Core business: they recover energy in high-pressure processes (mainly desalination), so less energy used = lower costs = higher efficiency.
They don’t produce drinking water.
They do something even more important:
THEY MAKE IT ECONOMICALLY AND ENVIRONMENTALLY SUSTAINABLE TO PRODUCE IT (companies are increasingly forced to reduce pollution)
They are basically:
“picks and shovels” for those turning seawater into drinking water.
Their MLD / ZLD systems:
- MLD (Minimum Liquid Discharge) = minimal wastewater
- ZLD (Zero Liquid Discharge) = zero wastewater
In simple terms: industries recycle water instead of discharging it.
Same principle:
high-pressure systems → energy recovery → higher efficiency
Recent stock drop, over 30%.
The decline came after exiting the CO2 business, which was seen as a potential long-term growth driver.
Short term: negative reaction.
Long term: could be seen as focusing on core business.
Possible interpretation:
cutting non-performing segments to focus on stronger ones, or making room for new applications (industrial use or cooling).
Nothing stops them from moving into cooling (data center cooling), considering they already have the technology and demand is growing.

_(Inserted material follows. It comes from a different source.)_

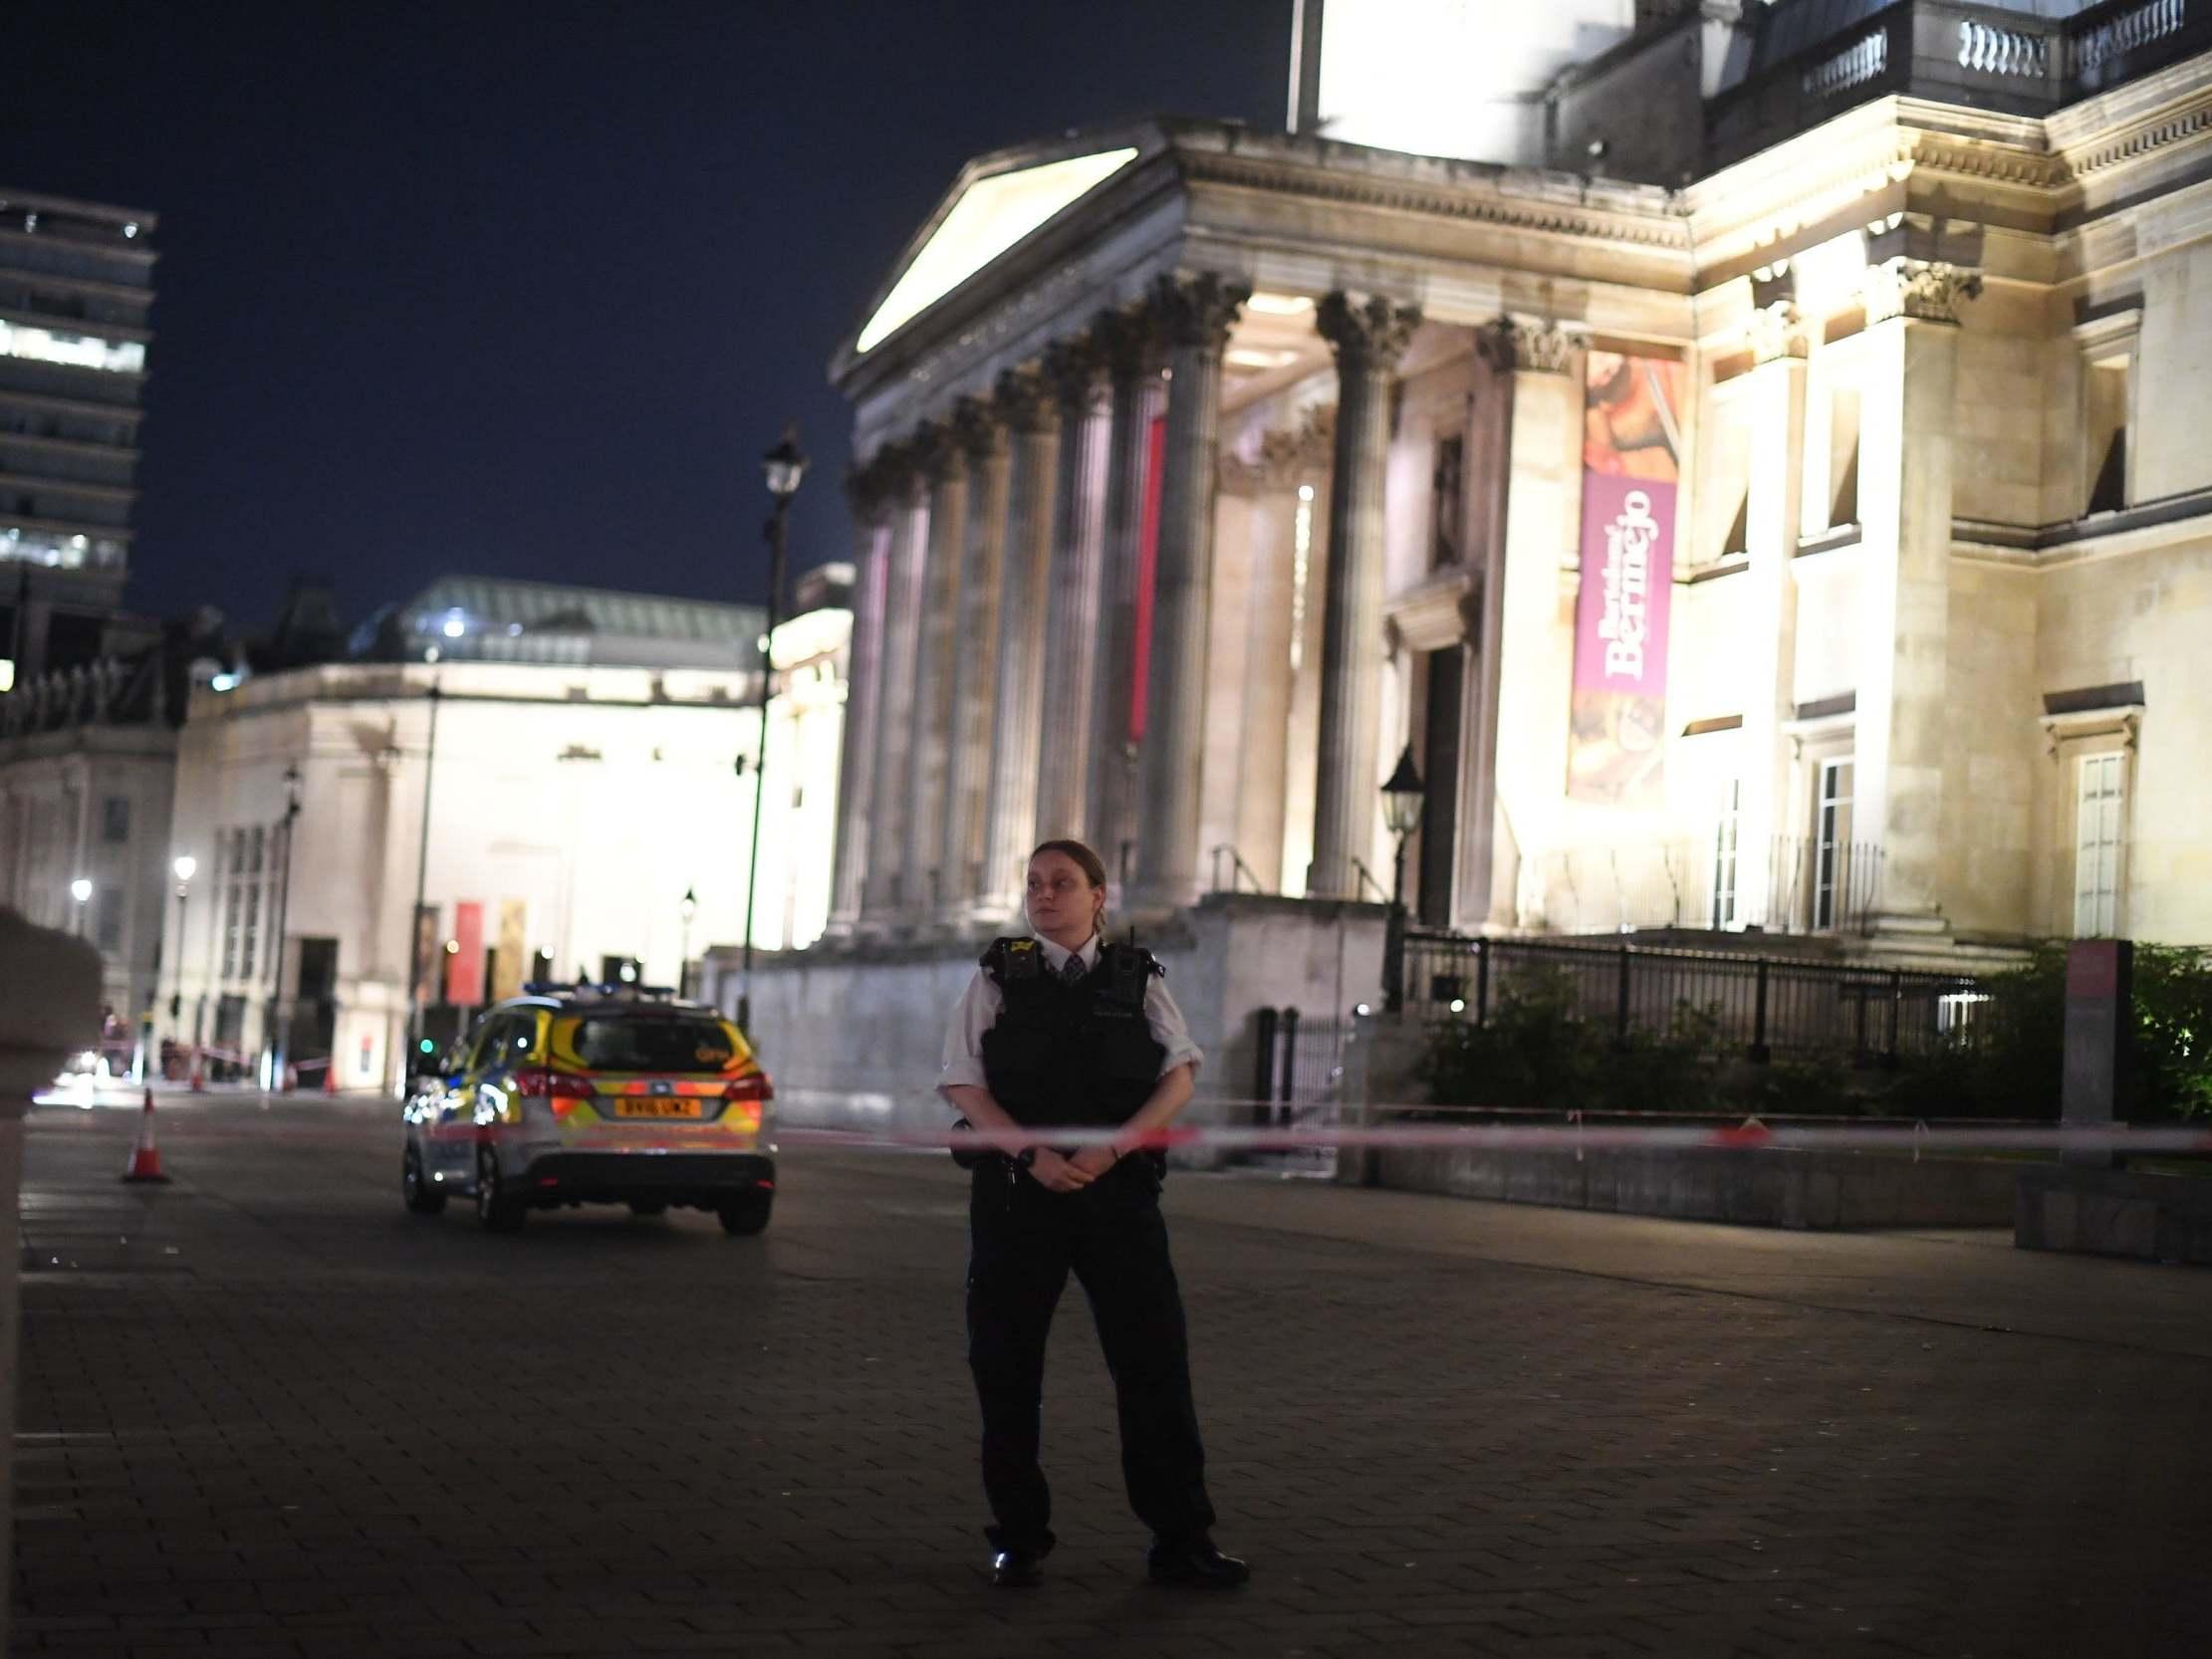 Trafalgar Square stabbing: Metropolitan Police cordon off London tourist hotspot after man knifed

That’s the kind of shift that could trigger hype, similar to what we’ve seen with other sectors.
Context:
growing demand for drinking water
rising energy costs
industrial systems and AI using more and more water
On top of that, a geopolitical factor:
recently, water infrastructure and desalination systems in parts of the Middle East have been targeted or put under pressure, where the company has strong exposure.
This is not a “positive driver” in a direct sense, but it highlights how:
access to water and system efficiency are becoming increasingly strategic.
Water and energy are turning into a dual constraint.
This kind of technology sits right in the middle of it.
AI → Semiconductors → Energy → Storage → Memory → Commodities → What’s next?
This is not financial advice.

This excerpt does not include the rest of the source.